Niets is er voor wie niets vermoedt. Ellewoutsdijk, een dorpje ver weg op Zuid-Beveland. Hier en daar is er opvallend fraai hekwerk. En hé, wat een weelderige tuinornamenten. Kijk toch eens, dat beeld! Schamele sporen van een paleis dat ooit het dorp domineerde, tot het bij oorlogshandelingen in oktober 1944 werd verwoest. Een fascinerend gebouw met een fascinerende geschiedenis. Daarom zie ik erg uit naar Anna van Suchtelens boek Versailles aan de Schelde, in de najaarsaanbieding van Uitgeverij Cossee aangekondigd met gepast ronkende termen als: ‘Het ongelooflijke verhaal van een verdwenen paleis in de Zeeuwse klei.’
Hans Warren geloofde het wel degelijk, hij heeft het paleis in Moorse stijl, bezit van de familie Van Hattum, een paar kilometer van Borssele gelegen, met eigen ogen gezien. In zijn oeuvre vind je er hier en daar herinneringen aan. Twee gedichten bijvoorbeeld, allebei voorzien van de vermelding ‘Park Ellewoutsdijk’, een ‘Afscheid van de winter’ en ‘Flora’. Zo staan ze tenminste in zijn verzamelde gedichten, keurig achter elkaar, gepresenteerd als onderdeel van de bundel Eiland in de stroom. Maar zoals vaker bij Hans Warrens poëzie is dat niet het hele verhaal.

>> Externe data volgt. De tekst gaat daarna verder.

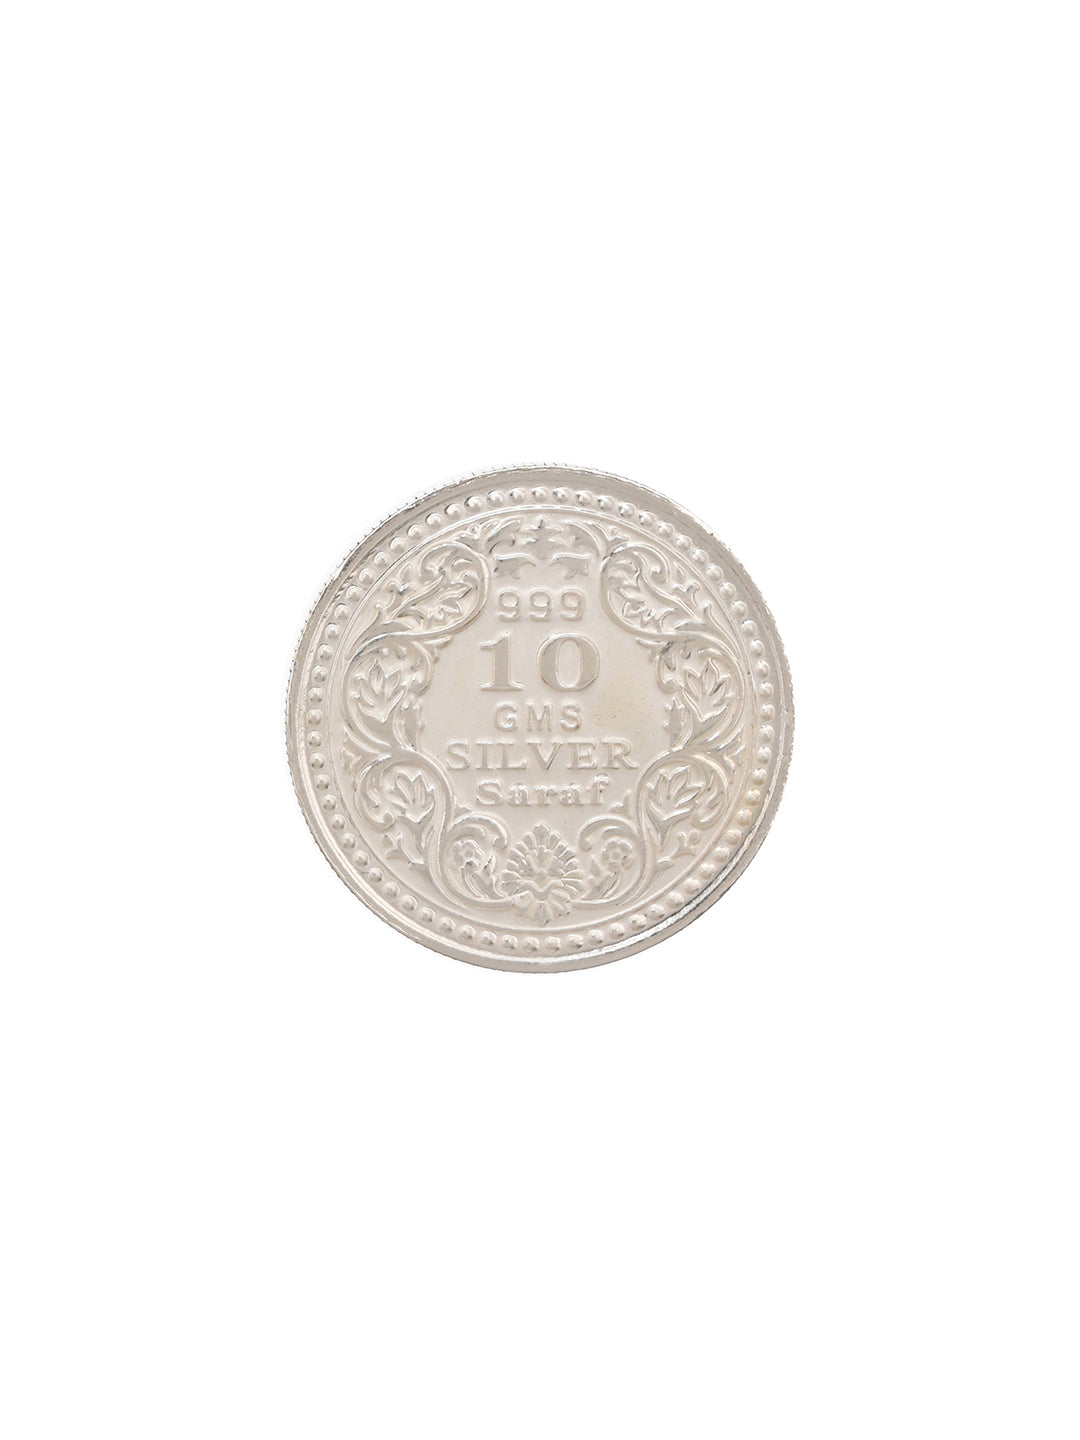 Tirupati Balaji 10 gram 999 Round Silver Coin
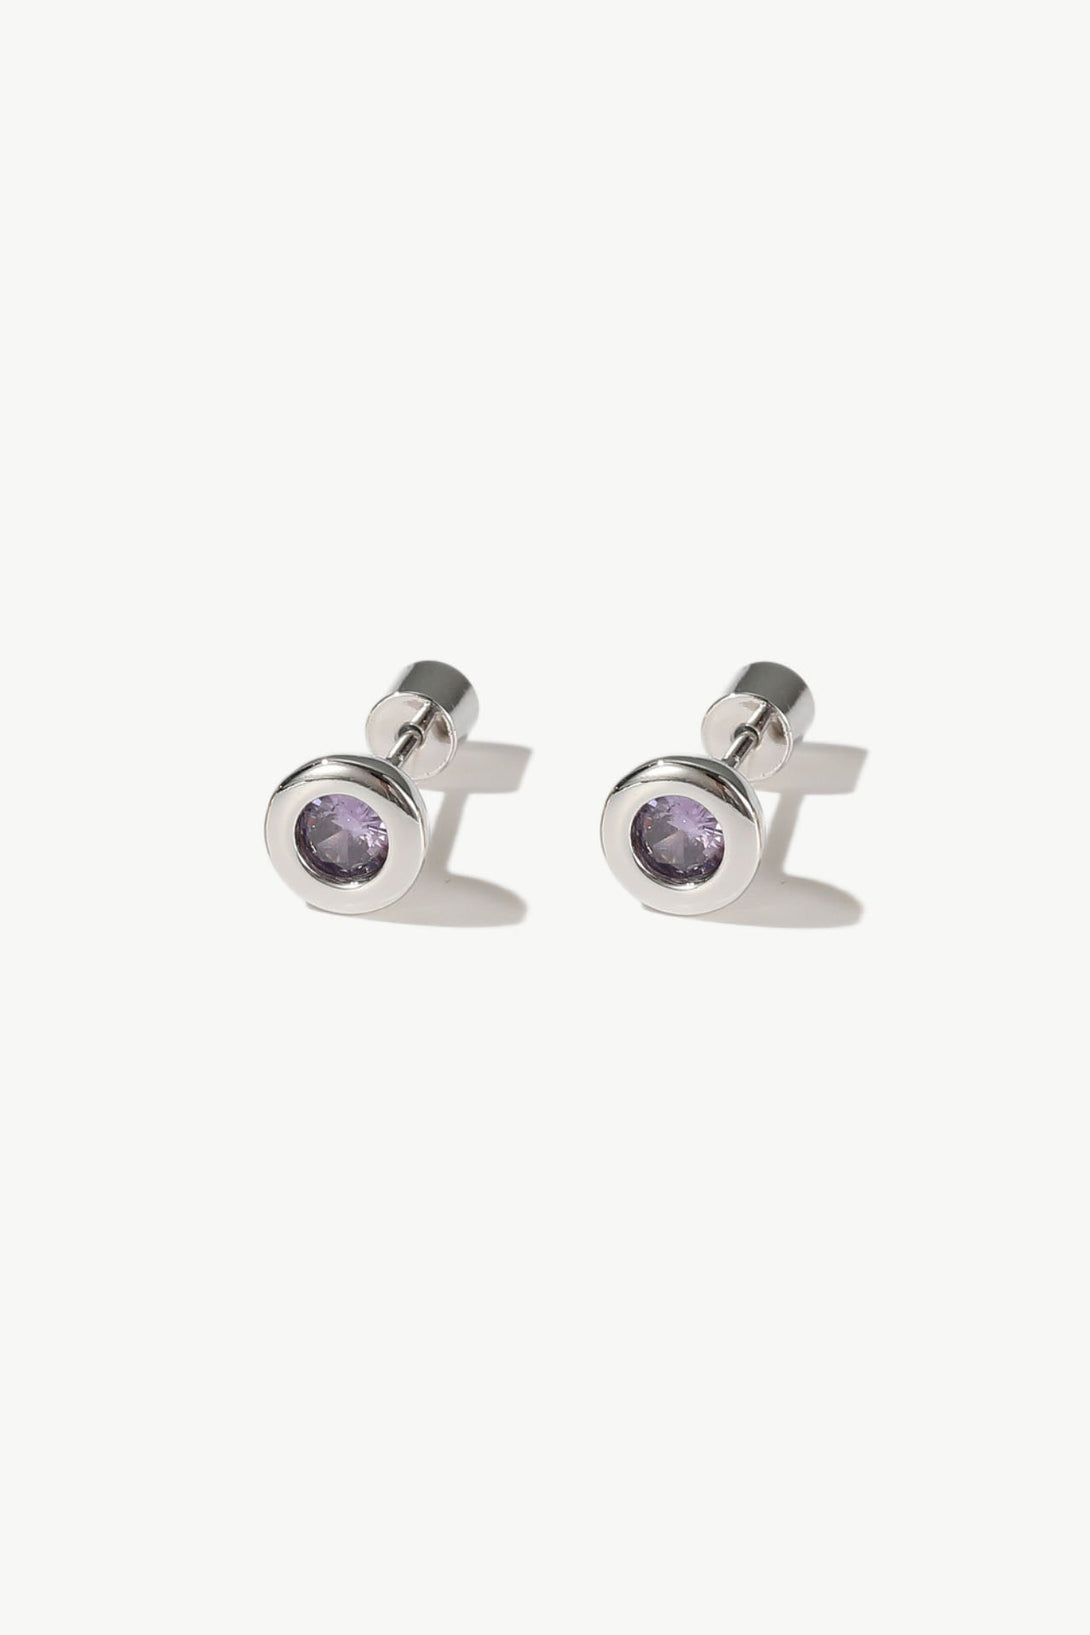 Aurora Silver Bezel Set Royal Purple Solitaire Stud Earrings - Classicharms

Wanneer je teruggaat naar Eiland in de stroom, het in 1951 verschenen boekje, vind je géén ‘Afscheid van de winter’ en bij ‘Flora’ ontbreekt de plaatsaanduiding. Allemaal het gevolg van de operatie Poets & Ruim die de dichter op de helft van zijn leven uitvoerde. Na een lang zwijgen kwam hij in 1966 met een paar nieuwe gedichten en een heel strenge keuze uit ouder werk, onder de noemer Een roos van Jericho, naar de woestijnplant die bij droogte lijkt te verdwijnen om bij bevochtiging weer te verschijnen. Net als Hans Warren, want die boog zich toch weer over zijn vroege poëzie. De resultaten van de herzieningsarbeid vinden we in de Verzamelde gedichten 1941-1971. Weg de bedeesde roos van Jericho, op het omslag poseert de dichter in rood shirt voor een rijtje Perzische berenklauwen, de agressieve exotische plant. In een exemplaar van Eiland in de stroom zien we hem herzien. Hier gaat een kruis door een gedicht (dit is een ‘stinker’ noteert hij), daar schrijft hij er iets bij, bijvoorbeeld ‘Park Ellewoutsdijk’. Hans Warren is ook de maker van drie foto’s, zie hierbij, met twee maal het Flora-beeld uit het gedicht, later nóg eens licht aangepast: ‘Haar bloemen trillen/ en nooit vlaagt er een lente langs de zee/ die dit onduldbaar hunkeren kan stillen,/ en ook zij buigt haar hoofd, bijna gedwee,/ het trotse, koele hoofd dat ik zou willen/ liefkozen om te vragen naar die zee.’ Ik ben benieuwd naar de inzichten van Anna van Suchtelen over het beeld, het park, het paleis, misschien toch eerder een Oosterse droom dan een Versailles aan de Schelde.